> _ABOUT THIS EXERCISE_: Quote all of the data that follows exactly as written, skipping the images.
=== DATA EXCERPT ===
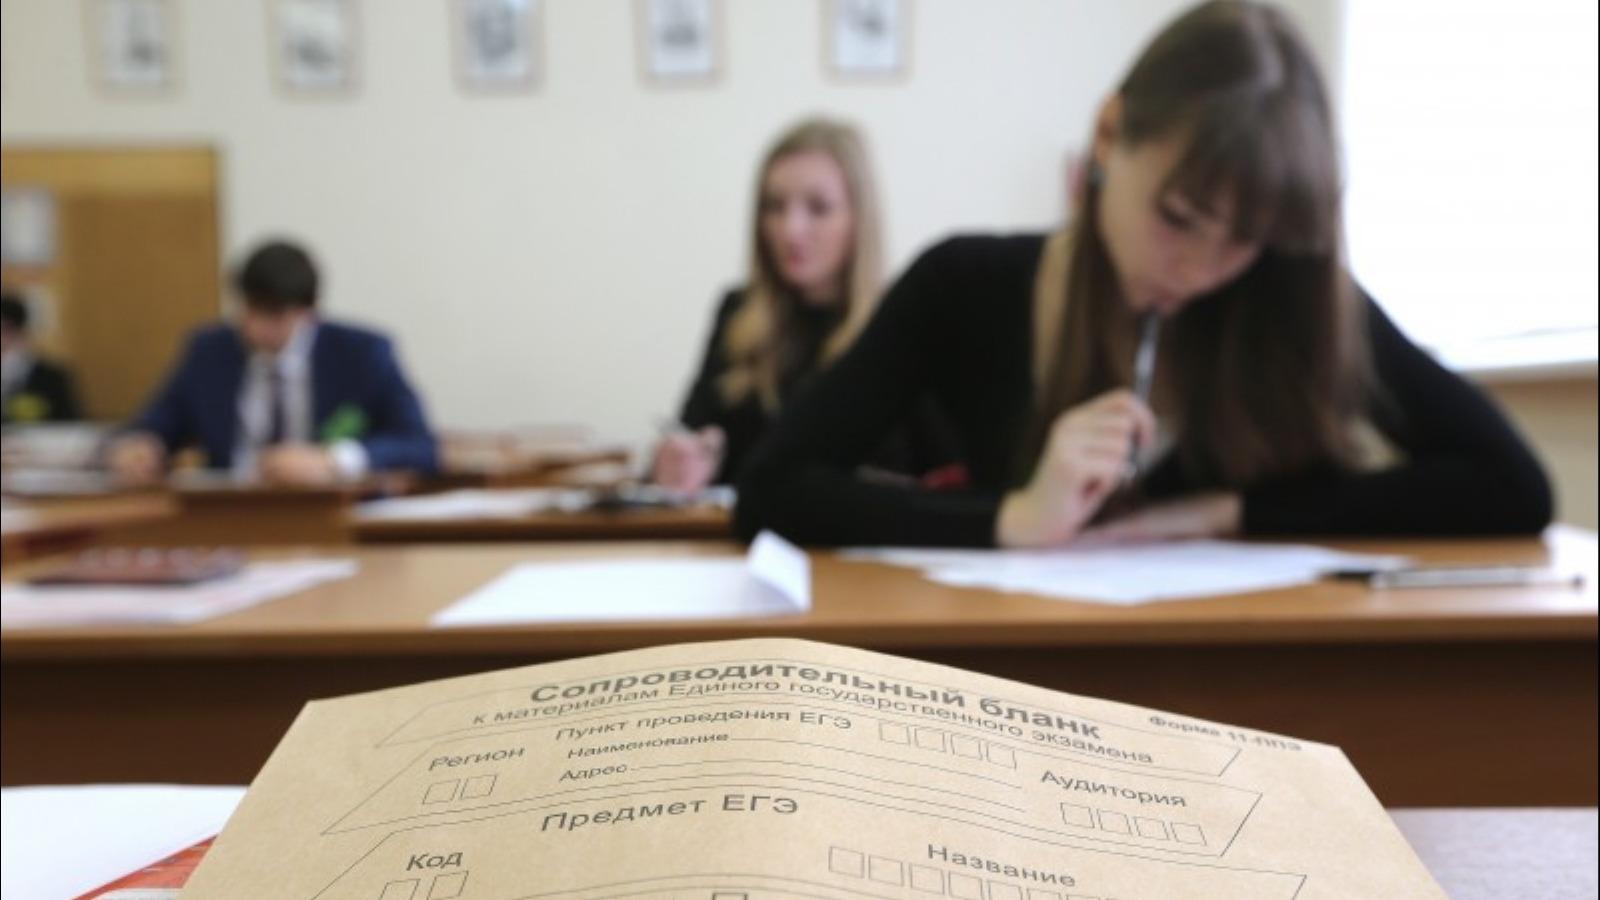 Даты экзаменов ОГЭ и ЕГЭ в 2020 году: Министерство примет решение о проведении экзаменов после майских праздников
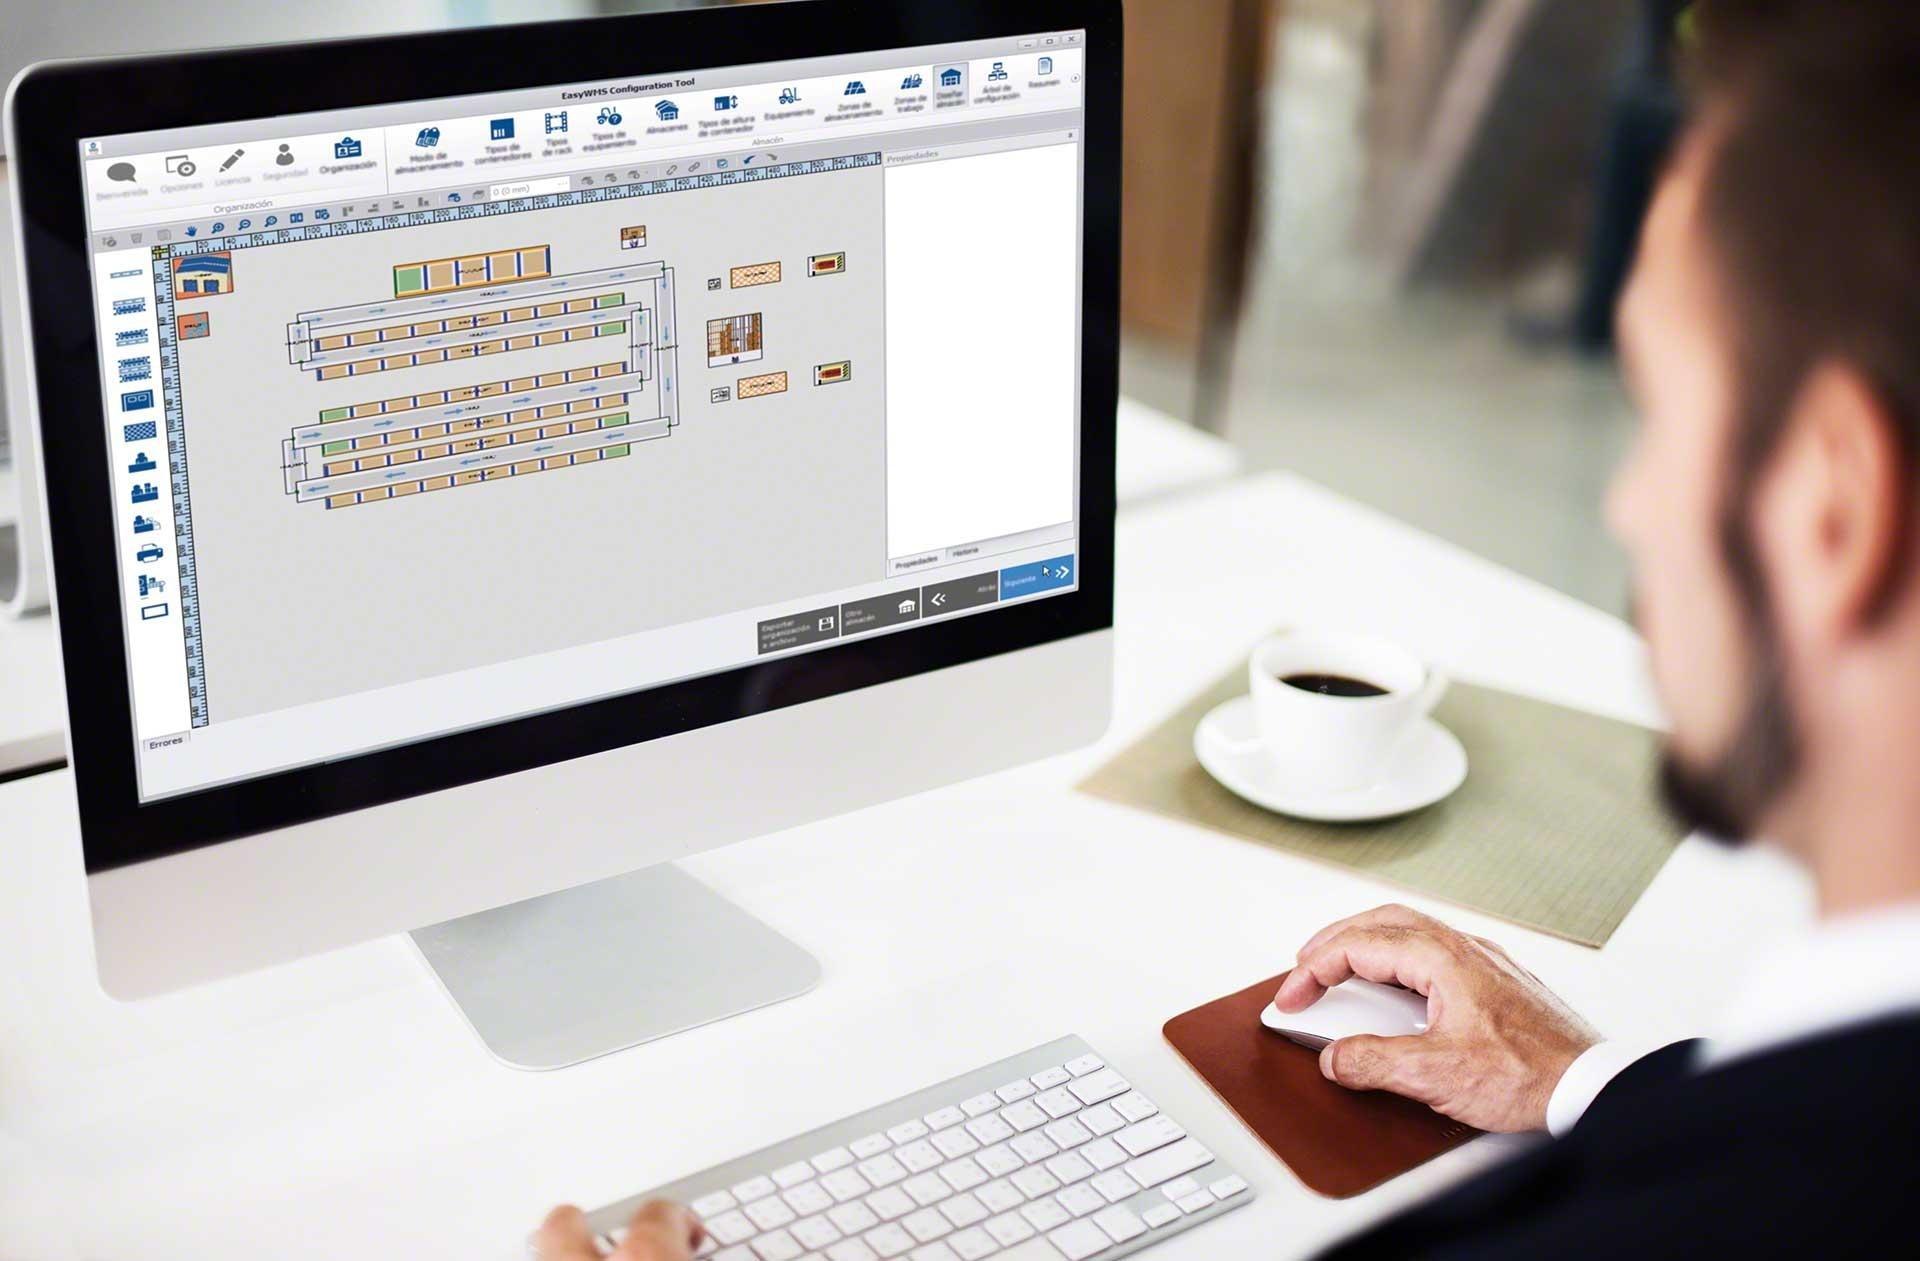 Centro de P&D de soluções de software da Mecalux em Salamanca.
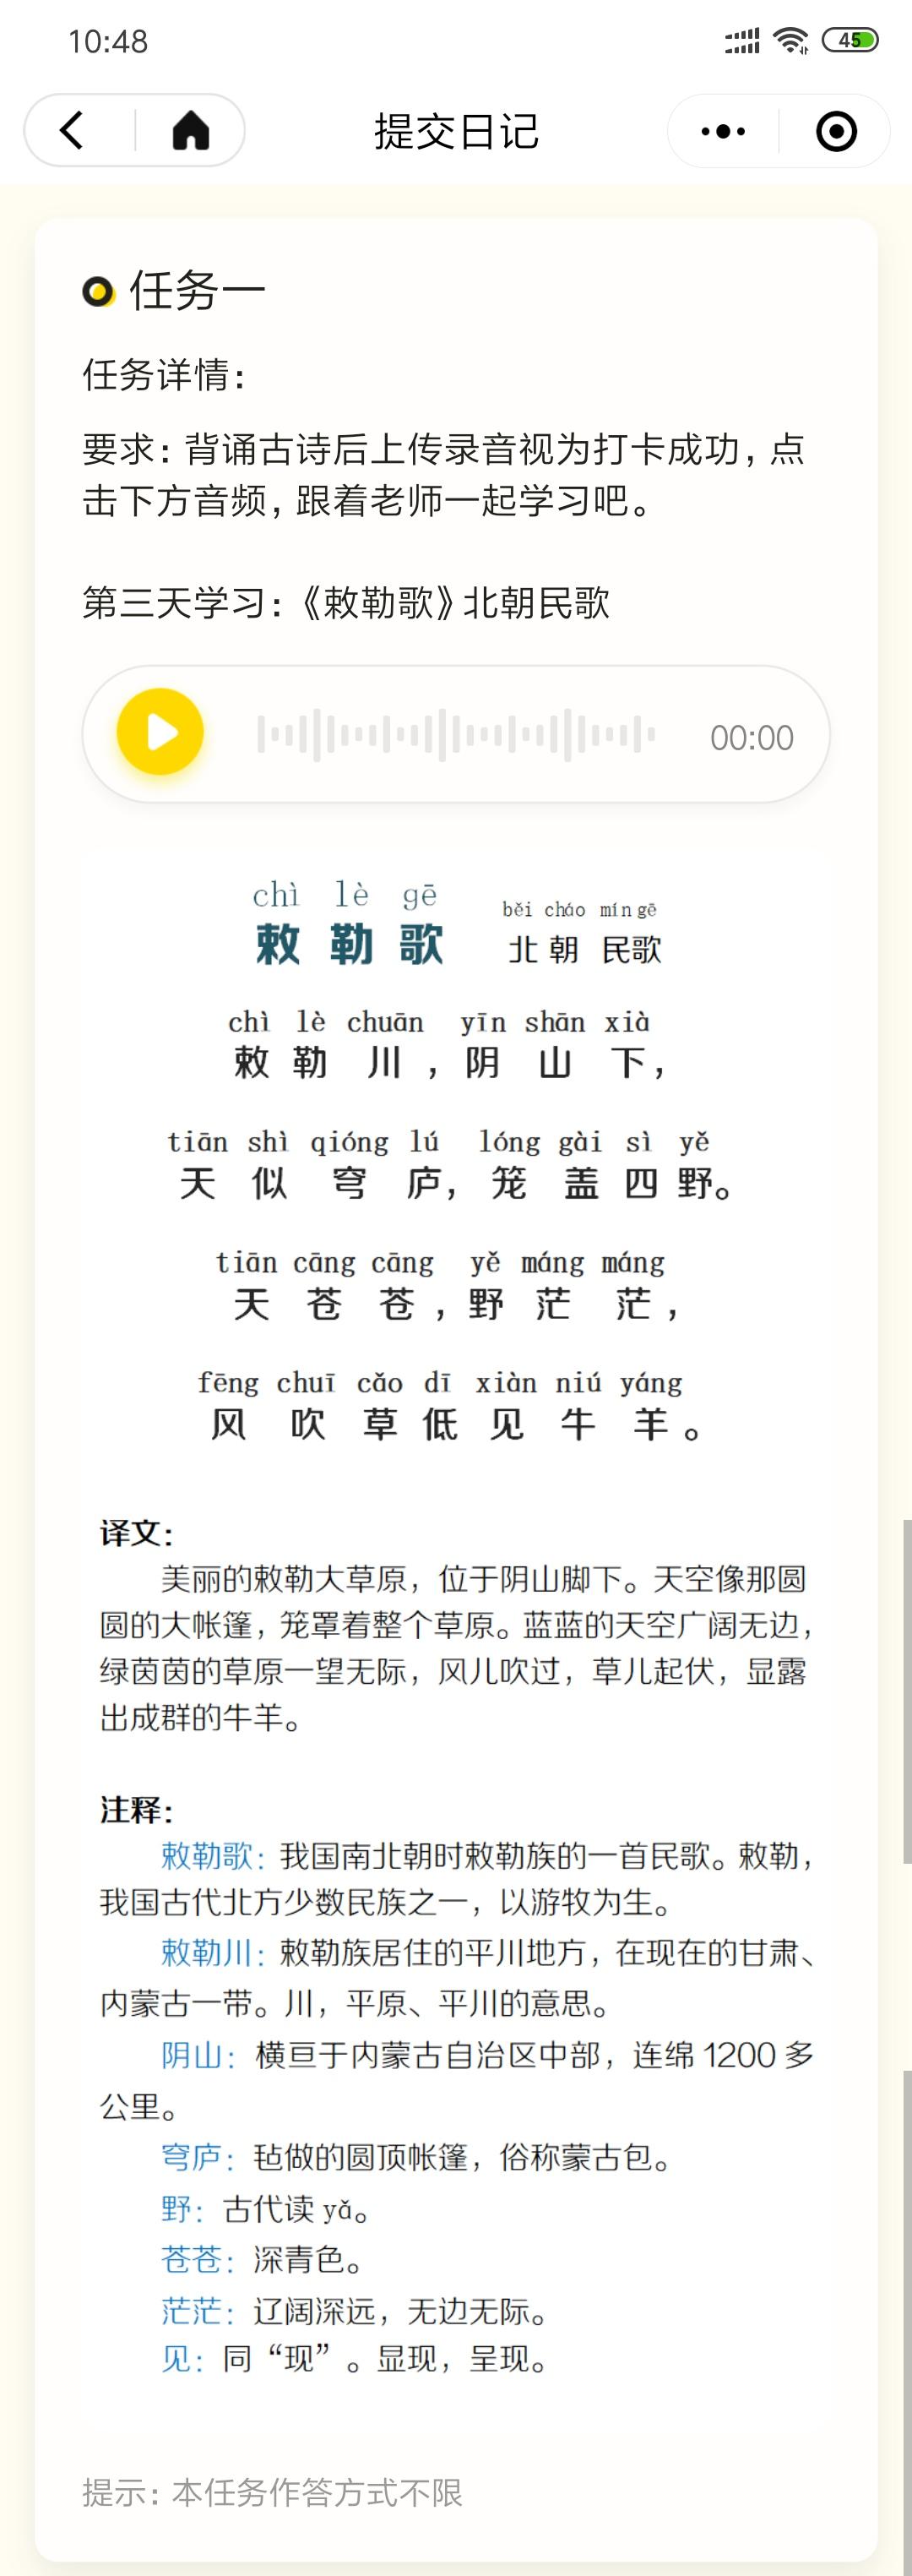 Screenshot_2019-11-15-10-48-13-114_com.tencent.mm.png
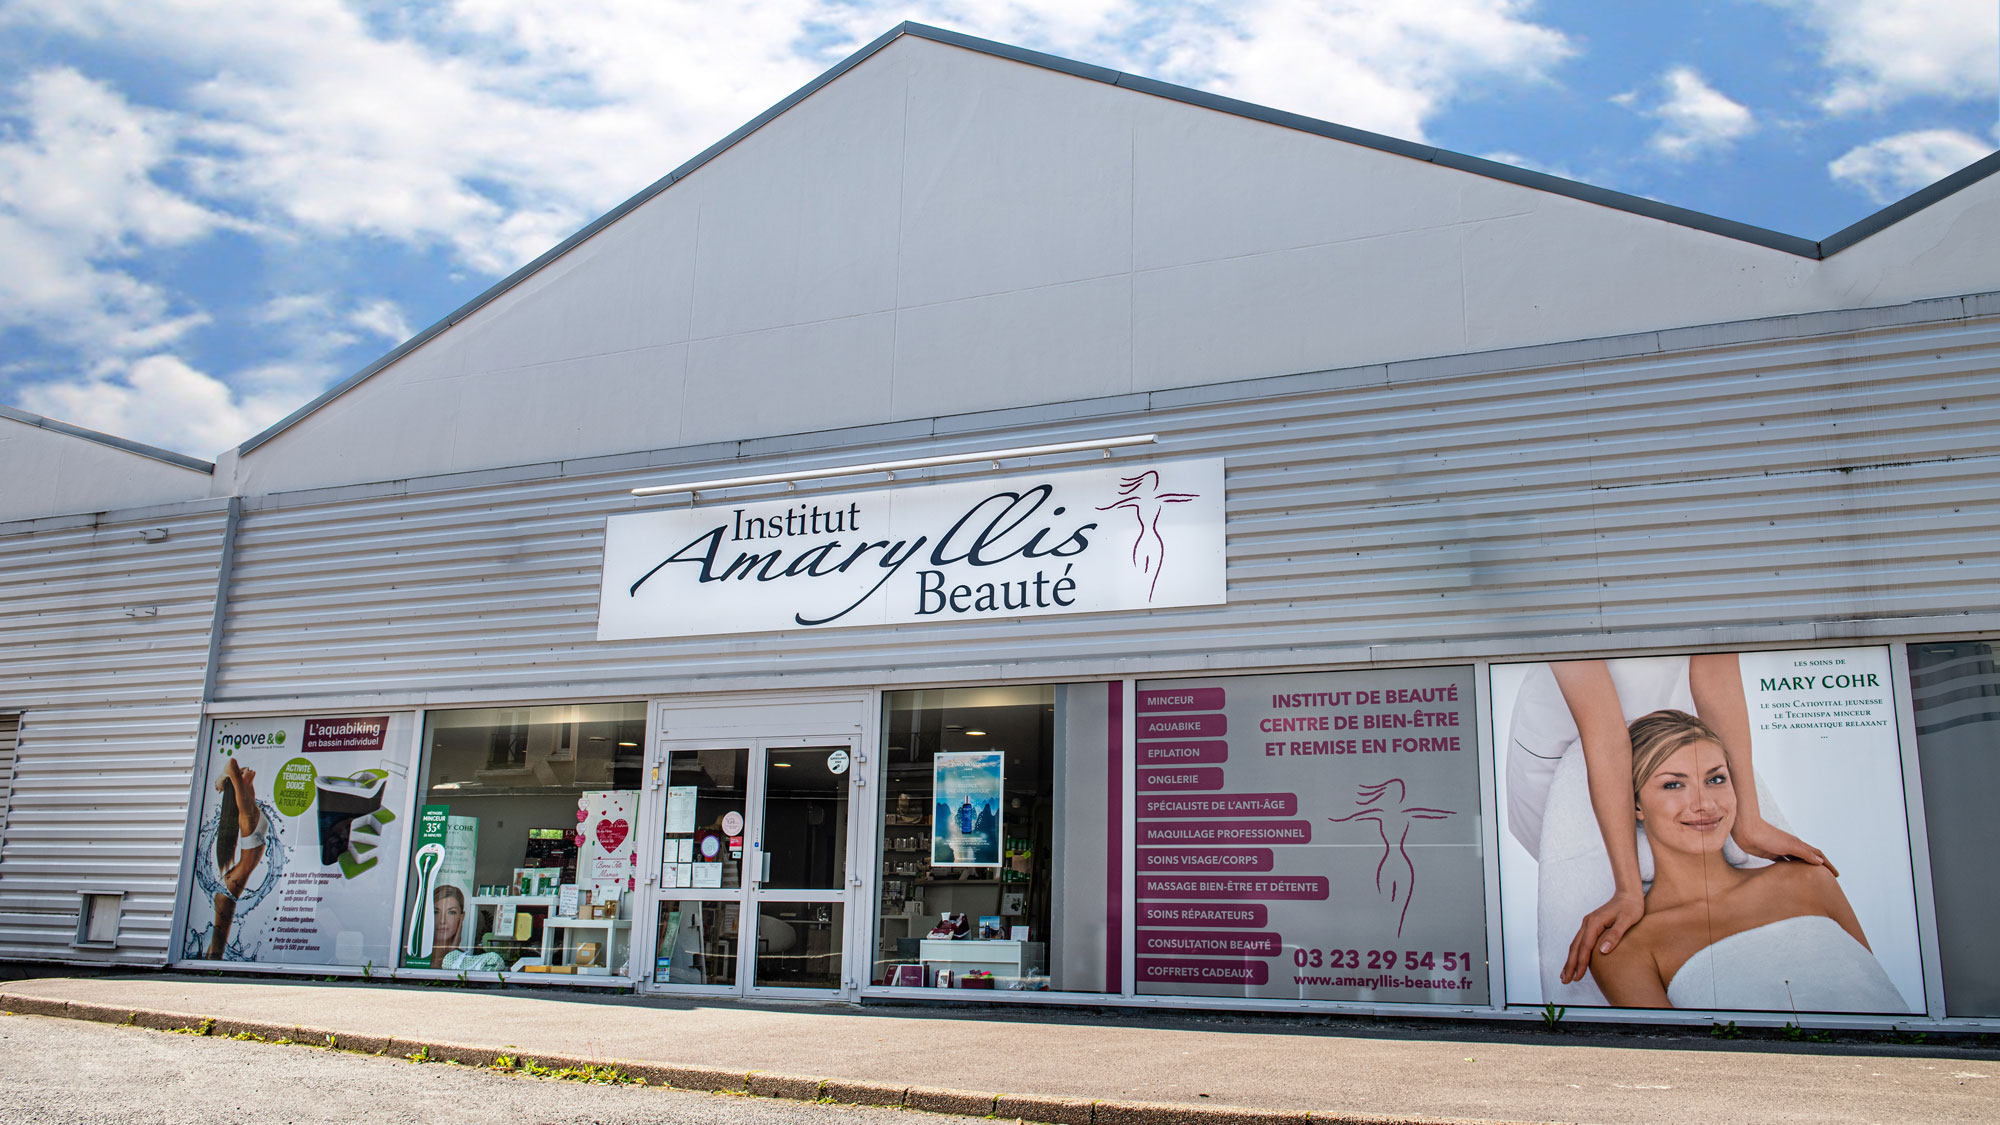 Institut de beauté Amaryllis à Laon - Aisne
===
> _ANSWER FOR THIS EXERCISE_:
 Даты экзаменов ОГЭ и ЕГЭ в 2020 году: Министерство примет решение о проведении экзаменов после майских праздников
 Centro de P&D de soluções de software da Mecalux em Salamanca.
 Screenshot_2019-11-15-10-48-13-114_com.tencent.mm.png
 Institut de beauté Amaryllis à Laon - Aisne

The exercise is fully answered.